I don’t want to set a fixed number of pages that I have to read every month as I don’t want to feel under any pressure, but I will probably aim for somewhere between 100-200 pages a month. I decided not to make this an official readalong as I wasn’t sure anyone else would want to participate and I’m not very good at sticking to schedules anyway, but if anyone else is reading it or planning to read it soon, please let me know – it would be interesting to compare our thoughts at the end!

20 thoughts on “Reading Don Quixote in 2014

  1. kaggsysbookishramblings says:

    I considered the Grossman translation but then when I did a bit of research online, there were some criticisms of it. Eventually I went for the Penguin Classics John Rutherford translation. So far I’ve read the first part and found it excellent. However, I’ve seen a quote online which says: “in making it as easy to read for a modern audience Grossman did have to sacrifice a good deal in the character of the original, which is very humorous in its pithy yet profound. Therefore, if you are OK with working at it a little more, then I highly recommend John Ormsby’s translation as by far the most superior English translation.” So there you go! (There is also a post here which compares the two and says also that Grossman loses the humour:

    • Helen says:

      Thanks! It sounds as though each of the translations will have its good and bad points, as is usually the case. I’ll probably just have to choose one, start reading and see what I think…maybe not Grossman’s though, as it would seem a shame to lose the humour.

  2. Lisa says:

    This is one of the classics that completely intimidates me. But I think I’m going to tackle another of my “intimidations” this year – Moby-Dick, so you may inspire me to try this one someday.

    • Helen says:

      It intimidates me too, but I’ve wanted to read it for such a long time I’m determined to get over my fear of it and give it a try. I’m not brave enough to read Moby Dick, though, so good luck with it!

  3. christinasr says:

    I have it on my list too but I’m not sure if I dare tackle it this year. I’m not ready to start it now at least. I think I read a part of it in school and that I actually thought it quite amusing so maybe it’s not that hard and scary?

    • Helen says:

      Thanks Jessica. It’s probably the most intimidating book I have left on my Classics Club list but I’m hoping it will be easier to read than I’m expecting.

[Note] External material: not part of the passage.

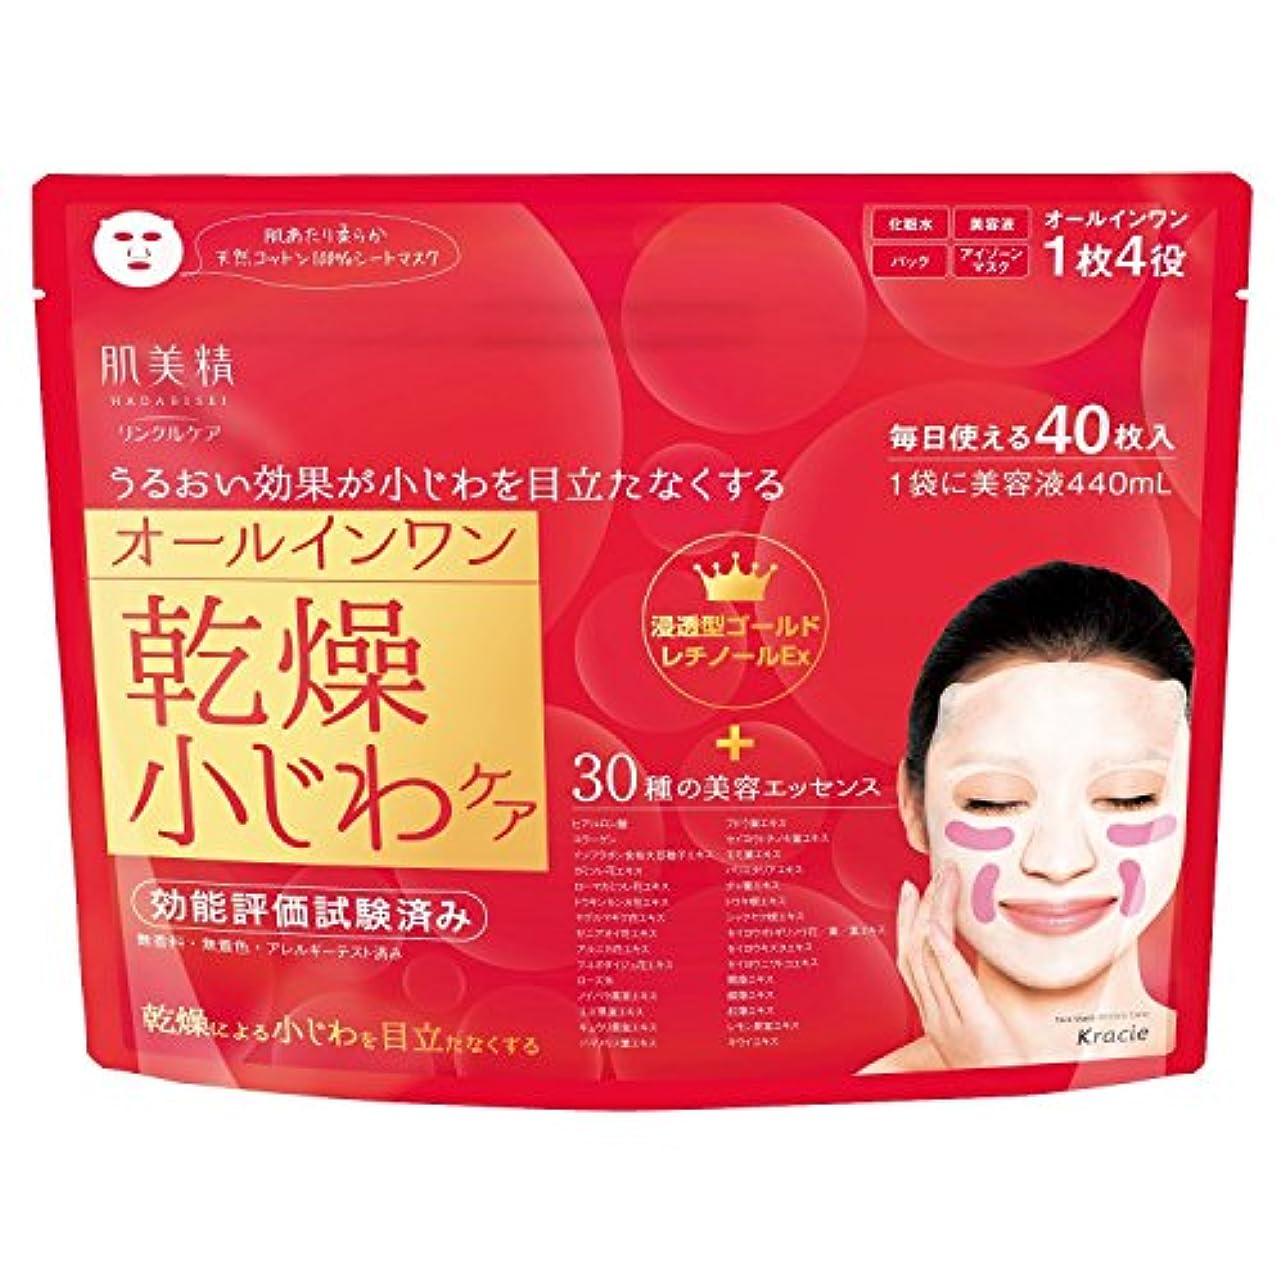 肌美精 リンクルケア美容液マスク 40枚 × 5個

  4. Fleur in her World says:

    Even if I wasn’t already committed to readalongs of big books (Clarissa in real time on Twitter and all of the Lymond books over the year with another group) I wouldn’t be brae enough to take on this one. But good luck – it must have endured for a reason!

    • Helen says:

      Oh, good luck with Clarissa! I tried to read it in real time a couple of years ago but fell behind and never quite managed to catch up again. I did like the book overall, though.

  5. Ruth @ A Great Book Study says:

    I read a Walter Starkie translation, and it was great. Don Quixote did intimidate me b/c of its size, but since I read it (and it took me like 3 months), it has become my most beloved classic. It was entertaining and amusing and outrageous. I want to read it again soon, but my TBR list is going to explode. Anyway, the good thing is that the chapters are short, so if you like to break up your reading into chapters, it is doable. Good luck!

    • Helen says:

      Hi Ruth, I’m so glad to hear you loved this book! That makes me feel much happier about reading it. I’m going to take it slowly and break it up into shorter sections at first but hopefully I’ll find I’m enjoying it enough to want to read it quicker.

  6. Bookeygirl says:

    Hi Ruth – I think you may struggle to put this one down…I laughed out loud, and cringed equally, and well as feeling desperately bad for the two main characters. It’s great book – enjoy!